== Segment start ==
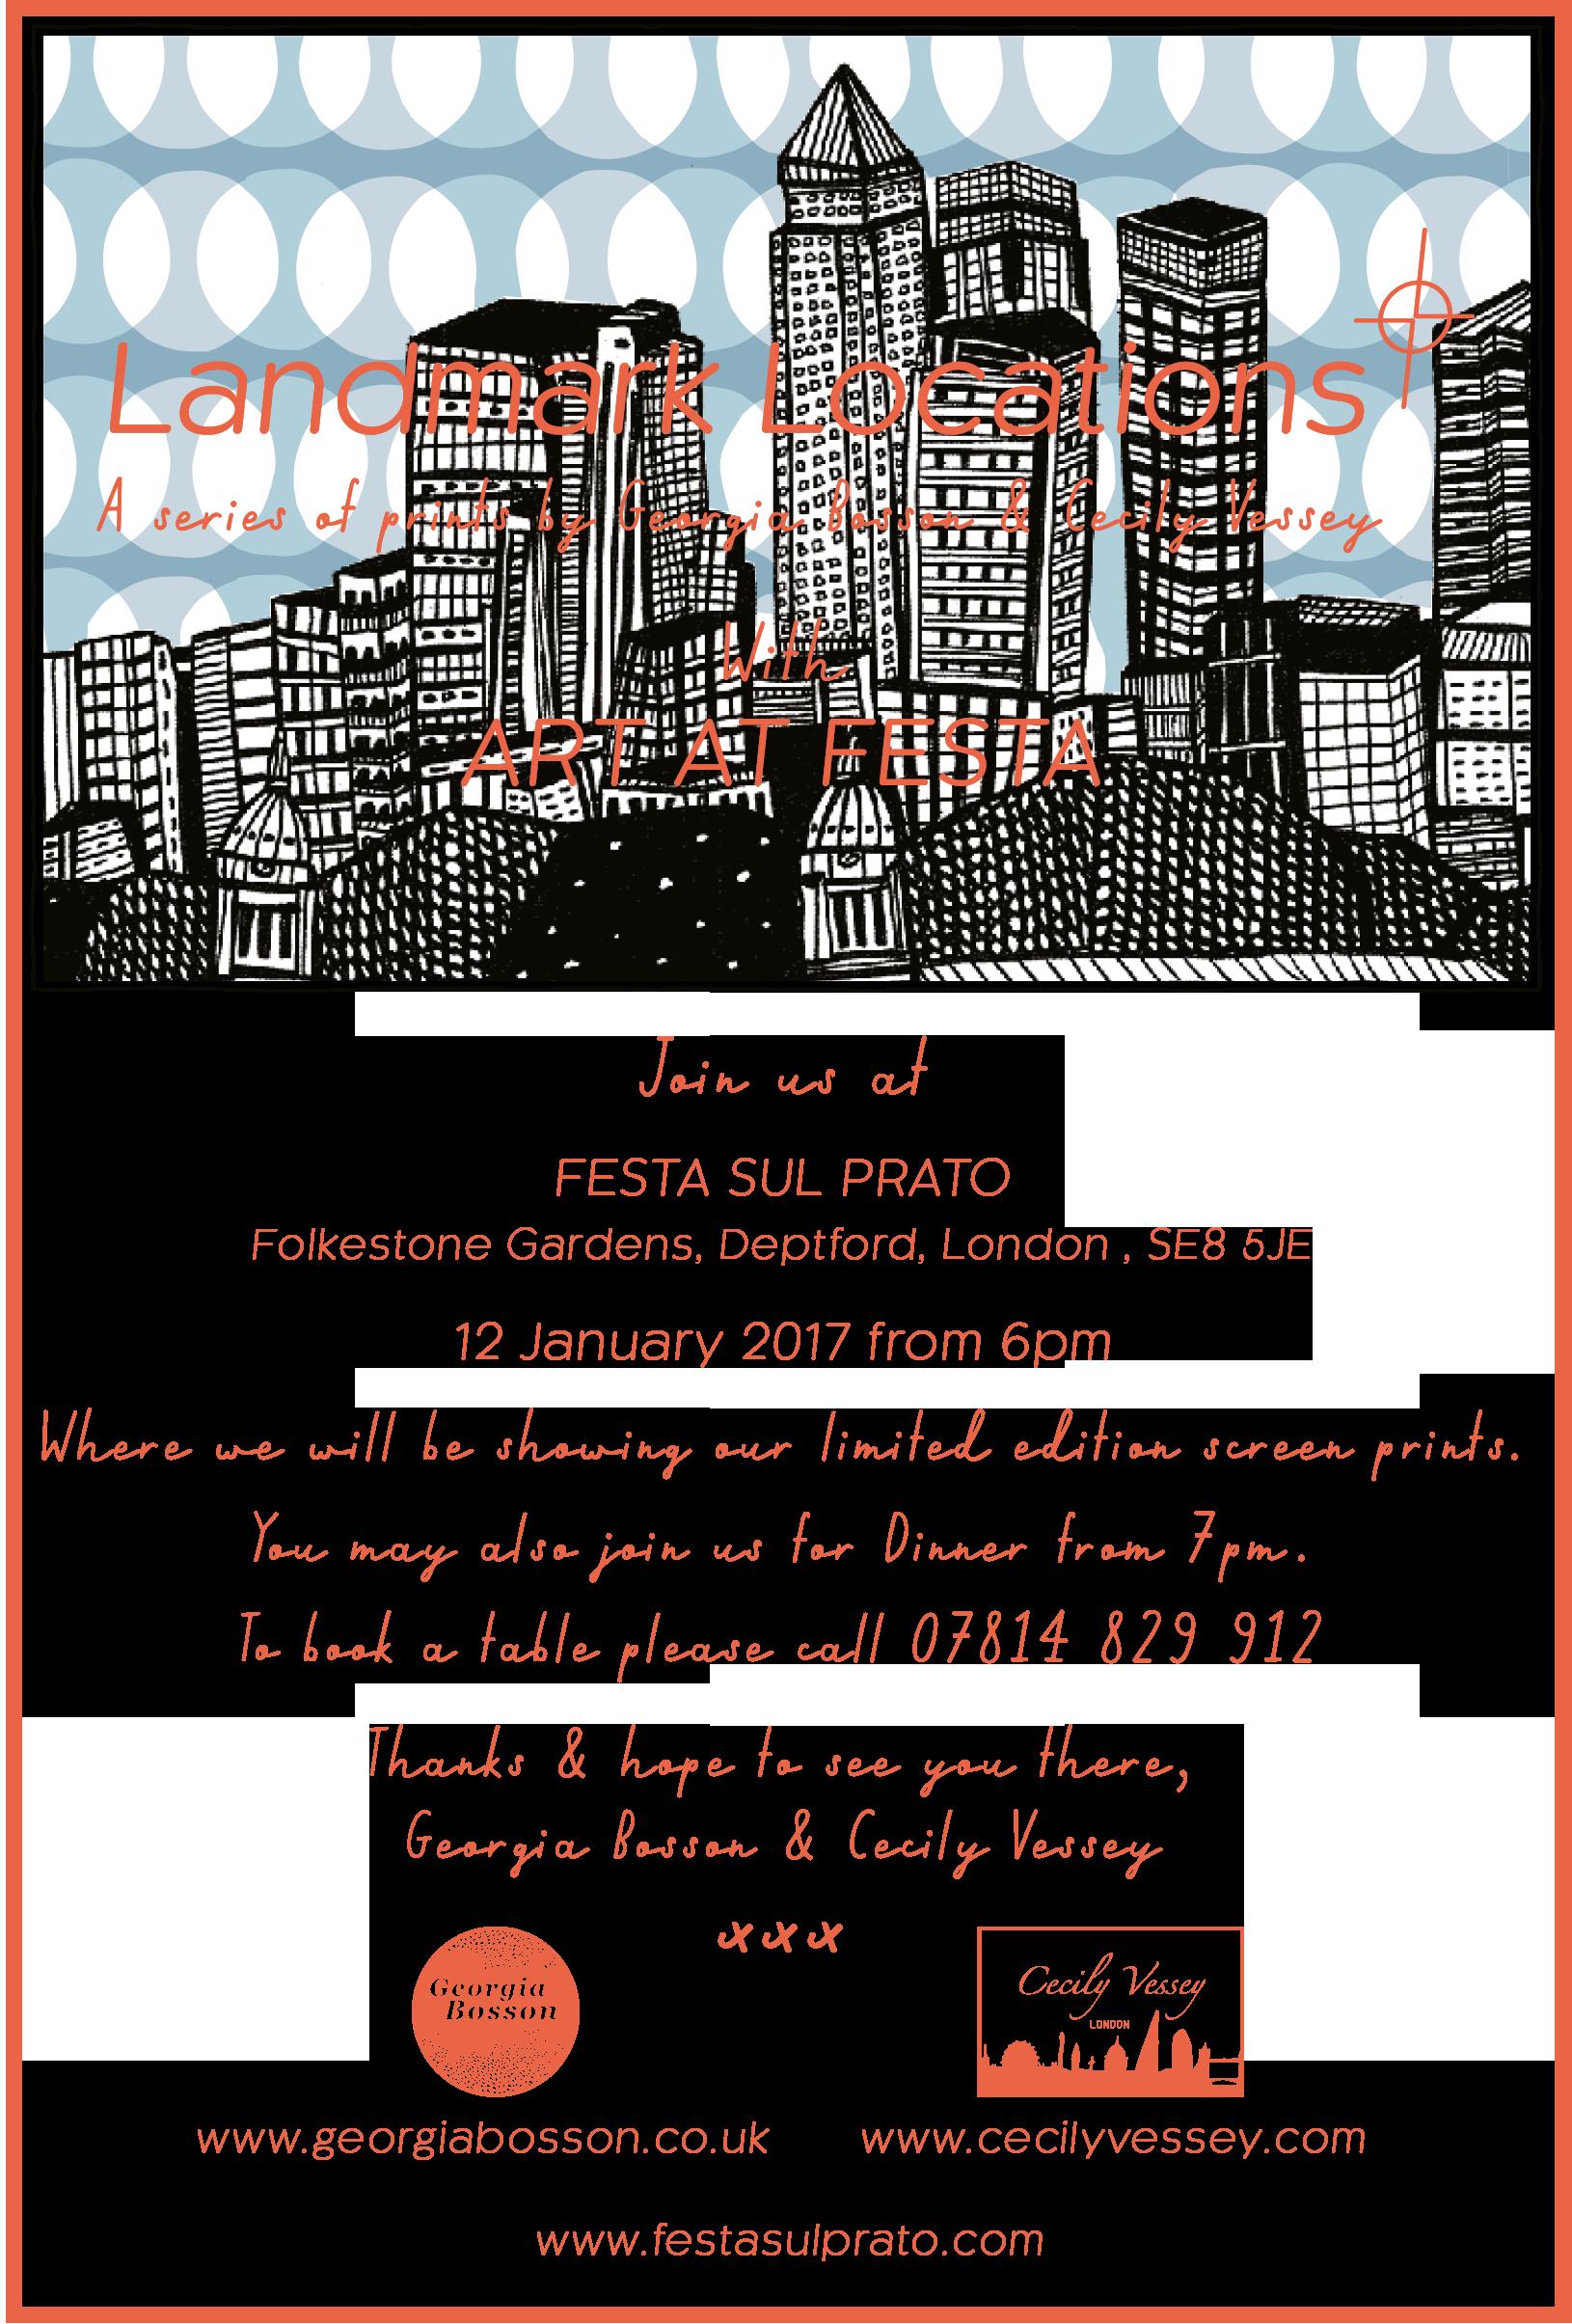 ART AT FESTA-LL INVITE.png
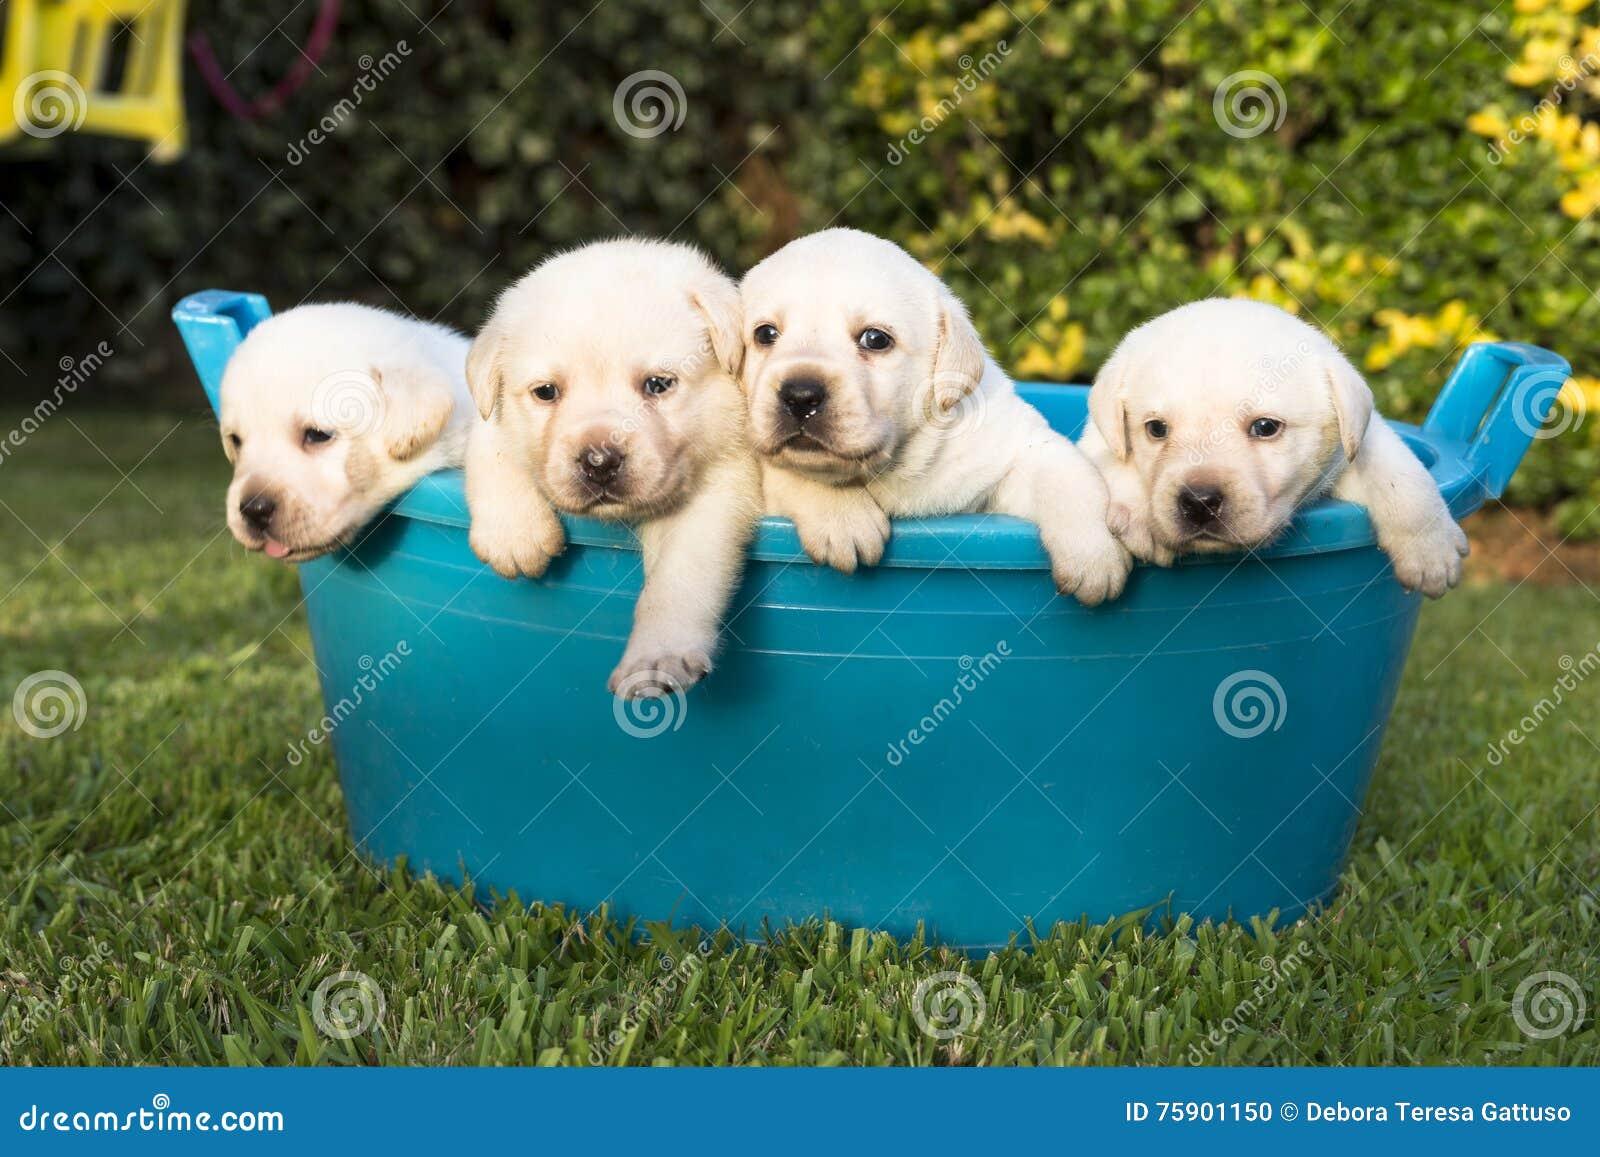 Puppies Having A Summer Bath Stock Photo Image Of Cuccioli
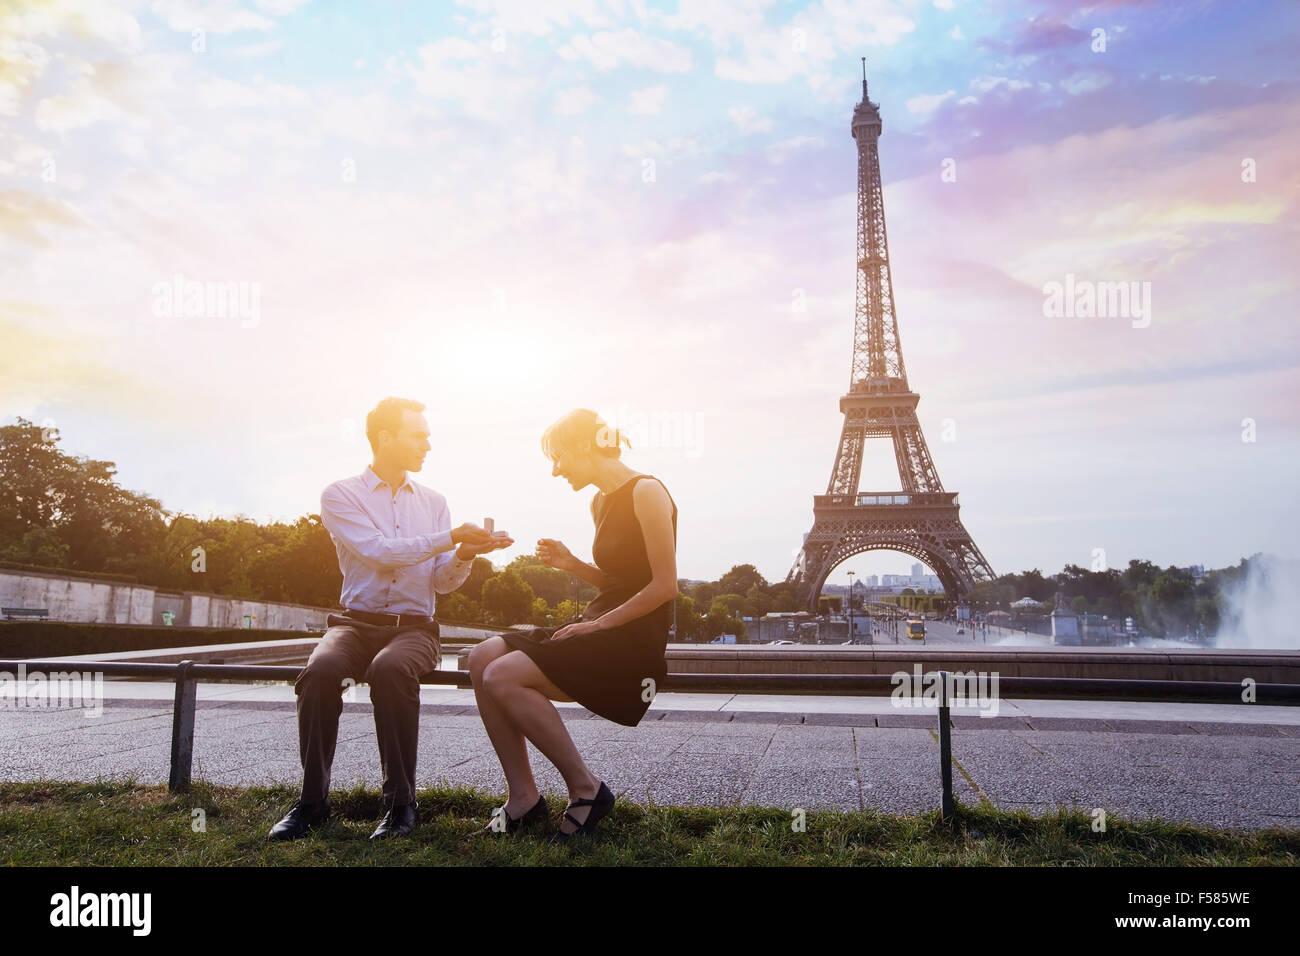 Cásate conmigo, propuesta en la Torre Eiffel en París, hermosas siluetas de jóvenes caucásicos Imagen De Stock
== Segment end ==
▸ **Work task**
Repeat the lines above exactly, and keep every picture out.

▸ **Response box**
 ART AT FESTA-LL INVITE.png
 Puppies Having A Summer Bath Stock Photo Image Of Cuccioli
 Cásate conmigo, propuesta en la Torre Eiffel en París, hermosas siluetas de jóvenes caucásicos Imagen De Stock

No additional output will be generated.